Devant faire face à cette situation absurde, les membres de cette famille réagissent sans vraiment réfléchir. Mais ils sont en fait bloqués. Parce qu’ils sont des anti-héros, personne ne se soucie d’eux ou de leurs problèmes. Je me sens très proche d’eux et donc, à partir du moment où l’idée de faire le film m’est venue, je suis devenu complètement obsédé.

J’ai été inspiré par beaucoup de choses et j’ai un lien profond avec la culture égyptienne en particulier avec son héritage cinématographique et musical » a déclaré le jeune réalisateur.

Malgré la gravité de la tragédie, et à l’opposé de la noirceur des images, la bande son est joyeuse et optimiste, grâce à des chansons connues et à la musique de grands compositeurs tels Mohamed Sultan, Baligh Hamdi, Mohamed El Moguy et Hani Shenouda.
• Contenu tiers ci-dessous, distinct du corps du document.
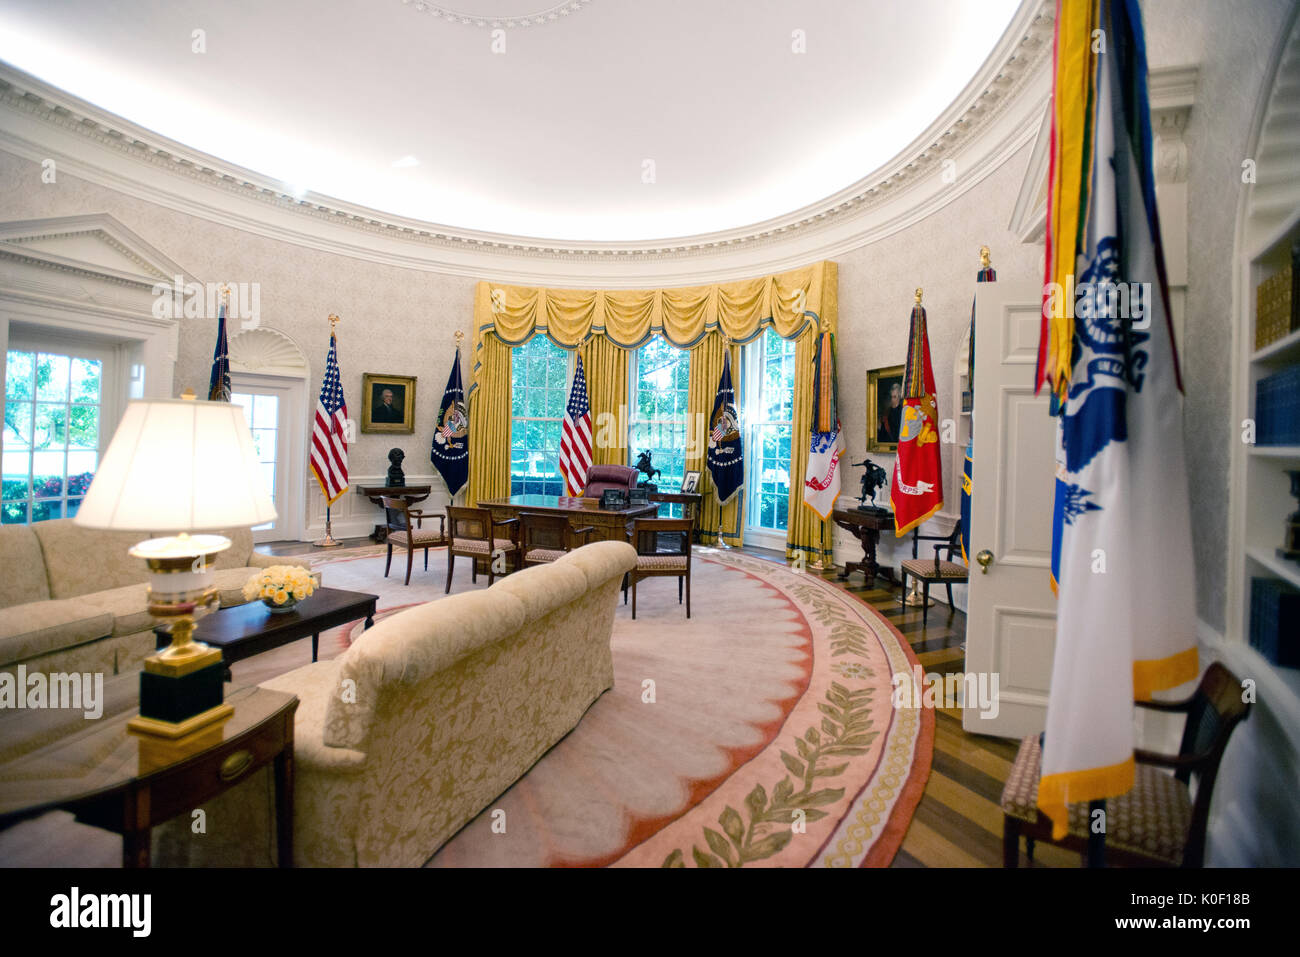 Oval Office White House Desk Stock Photos Oval Office White

Bien que le film ait plu aux critiques et aux professionnels du cinéma, comment sera-t-il accueilli par le public égyptien, qui reste quand même très attaché au cinéma traditionnel et commercial ?

Feathers Plumes
Charles Tesson & Omar El Zohairy

Omar El Zohairy a étudié la mise en scène à l’Institut Supérieur du cinéma du Caire, et a travaillé comme assistant avec plusieurs grands réalisateurs égyptiens, tel que Yousry Nasrallah.

Son deuxième court métrage The Aftermath of Inauguration of the public Toilet at kilomètre 375 a été le premier film égyptien à être sélectionné à la compétition Cinéfondation lors de l’édition 2014 du festival de Cannes et a par la suite remporté plusieurs prix dans divers festivals.